1) Почему ты сказала, что хочешь выйти за меня, когда у тебя были сомнения?

2) Почему ты не сказала мне до дня нашей свадьбы, что можешь передумать?

3) Ты родила нашего ребенка?

Грэм

— Что же ты мне не сказала, что тревожишься насчет Грэма? — спросила Тесс.

— А что бы ты могла сделать? — жалко спросила Фиона.

— Пригласила бы вас на ужин и понаблюдала бы за ним, задала бы в лоб кое-какие вопросы, и всякое такое.

— А может, еще можно это сделать? — спросила Фиона. — От Милли никакого толку, да и бог с ней. Она убеждена, что у Тима интрижка со старой подружкой. Может, и так. Но я думаю, из-за того, что она потеряла голову, я и настроилась на такой лад.

Тесс фыркнула:

— Грэм никогда тебя не обманет.

— Ну да, рассказывай, он не из таких.

Фиона вскочила и, подойдя к окну, стала смотреть на крошечный садик. Пустынная картина за окном напомнила ей, что и у Тесс хватает проблем.

— Прости меня, Тесс! Словно я пришла упрекать тебя в том, что ты не приходишь, а ведь на самом деле это не твоя вина.

Тесс от ее извинений захотелось расплакаться. В последнее время у нее постоянно были глаза на мокром месте. От хрустящей боли во всем теле ей хотелось лечь и умереть.
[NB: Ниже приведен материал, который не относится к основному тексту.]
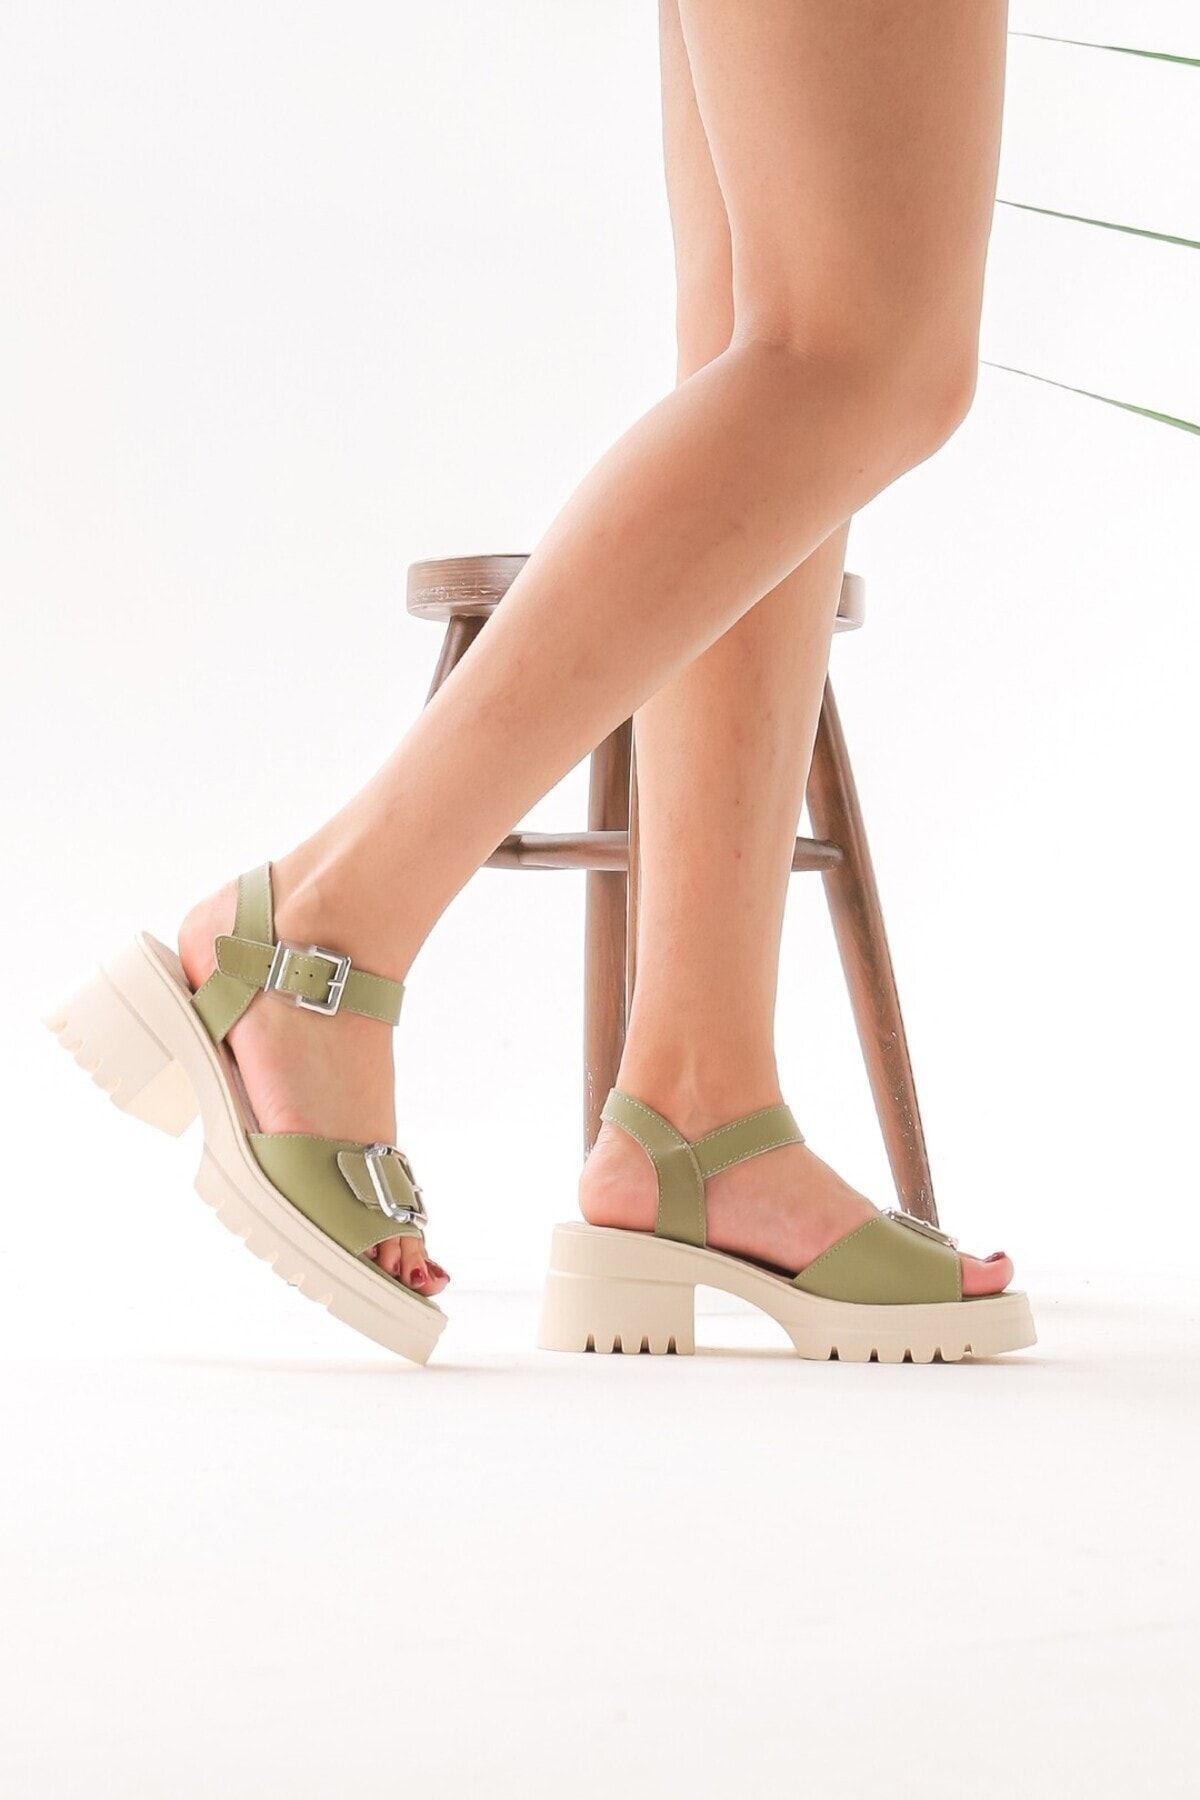 Cooliza Hakiki Deri Kemer Tokalı Rahat Şık Tarz Yeşil Yazlık Kadın Sandalet

После более чем впечатляющего успеха от первого урока она решила, что на этот раз построит занятия по-другому.

Сделав несколько движений, она убедилась, что у нее очень гибкие руки и их можно довольно далеко заводить назад. «Отлично, — подумала она, — большую часть урока будем делать упражнения с руками. Я потрясу их своей виртуозностью».

Ее коварный план заключался в том, чтобы за час до занятий провести разминку, разогревая мышцы рук, пока они не растянутся настолько, насколько им позволит ее онемевшее тело. А потом, когда дело дойдет до упражнений на растяжение, она будет повторять свои же разминочные упражнения.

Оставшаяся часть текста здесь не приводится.